# Fake Firelight



## austenandrews (Aug 22, 2010)

I've got a narrow space that I want to emit fake firelight. Previously I used randomly twinkling Xmas lights, but the effect was always kind of cheesy. The string finally gave up the ghost and I'd like the replacement to look better.

The tricky part is the small space where the light has to be mounted. It's just under four feet wide, five inches deep and around five inches high - too small for the usual fluttering silk. The light needs to be thrown up on a vertical surface around two feet wide and three feet high. It's mounted at my garage door and needs to be visible from the street, twenty-five or thirty feet away.

Any ideas?


----------



## JustJimAZ (Aug 19, 2010)

If there is AC available, maybe you could use flicker bulbs, or build a flicker box something like this:




then you can use a yellow or orange spot that will flicker.
This seems like the simplest way to make this happen by Friday.
An MP3 player playing sounds of a fireplace would really help, at least for people a bit closer.

Barring that, a new string of flickering / blinking Christmas lights may be the way to go.
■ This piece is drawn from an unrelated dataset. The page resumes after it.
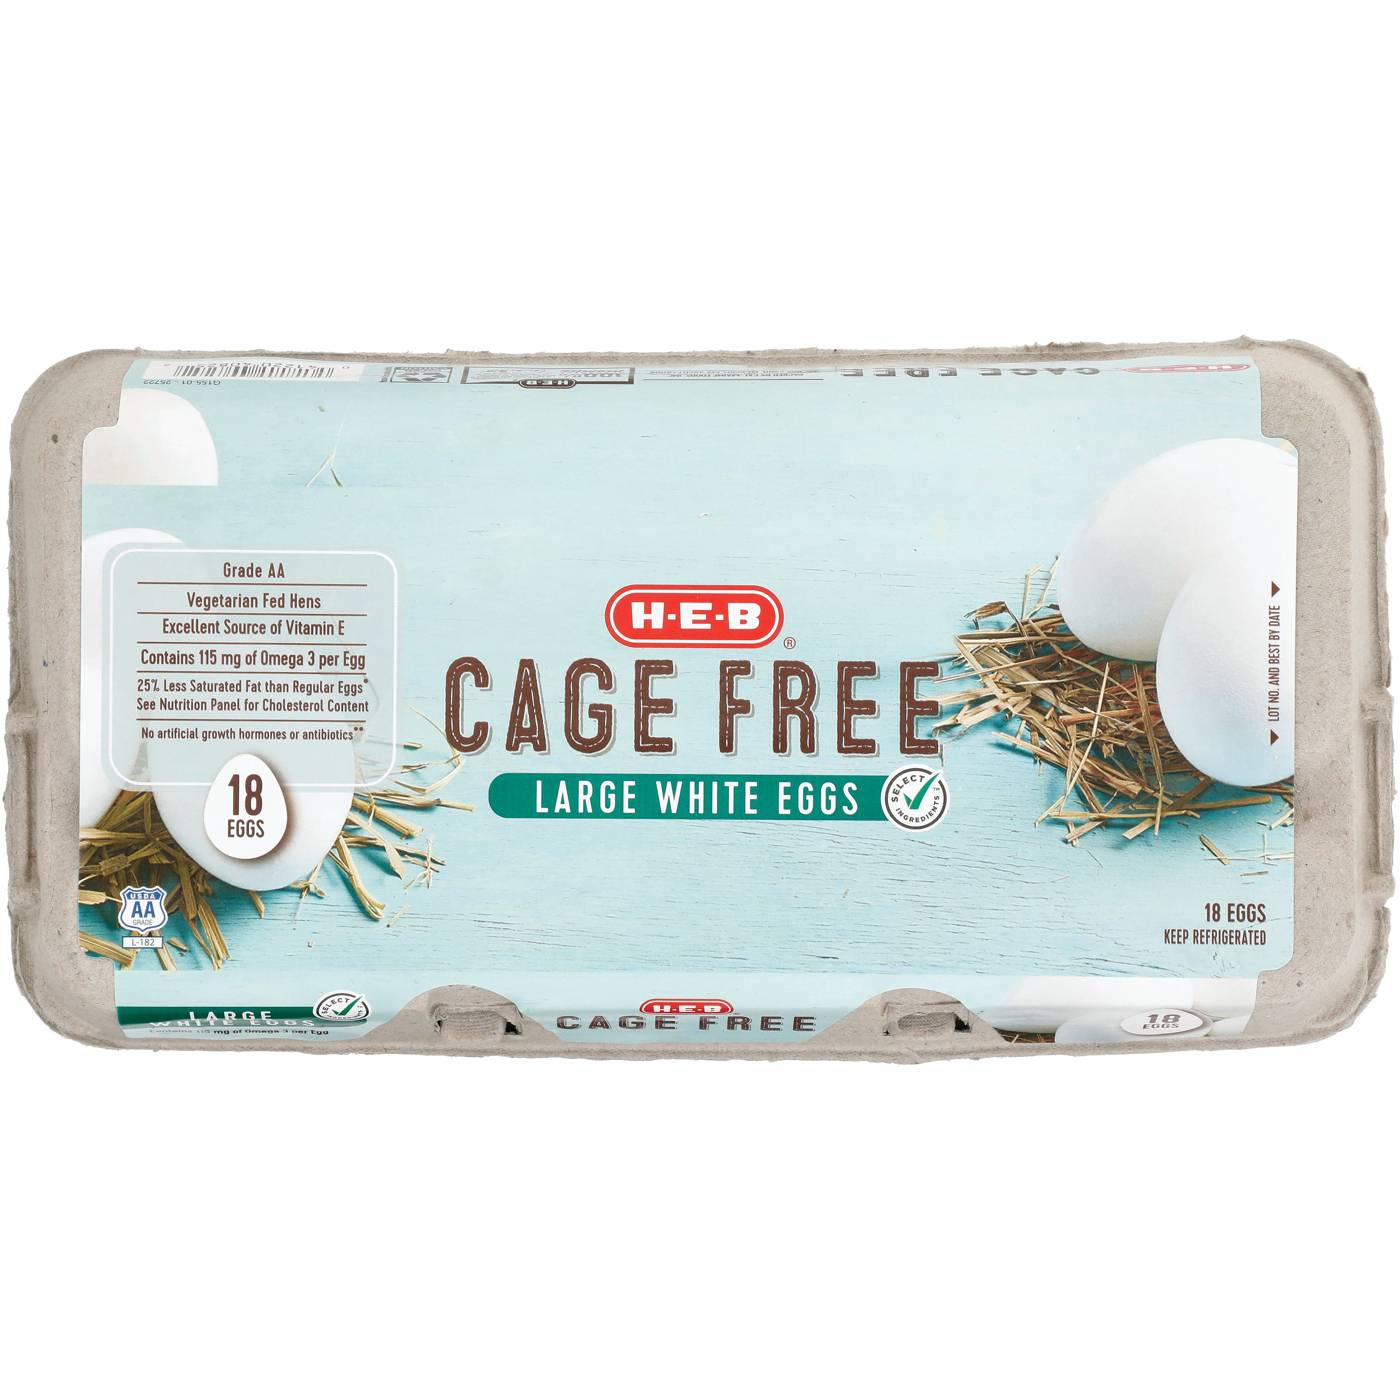 H-E-B Grade AA Cage Free Large White Eggs; image 2 of 2

Maybe diffuse their light with orange cellophane?

Good luck!


----------



## austenandrews (Aug 22, 2010)

I punted and made some Great Stuff embers with twinkling orange lights. Not really what I wanted but it does look pretty creepy at night. With embers in the mouth and a new red light behind the eyes, people say my "furnace face" façade is much scarier this year.

Interesting technique for flicker. I'll have to give it a try when I'm not under the gun.


----------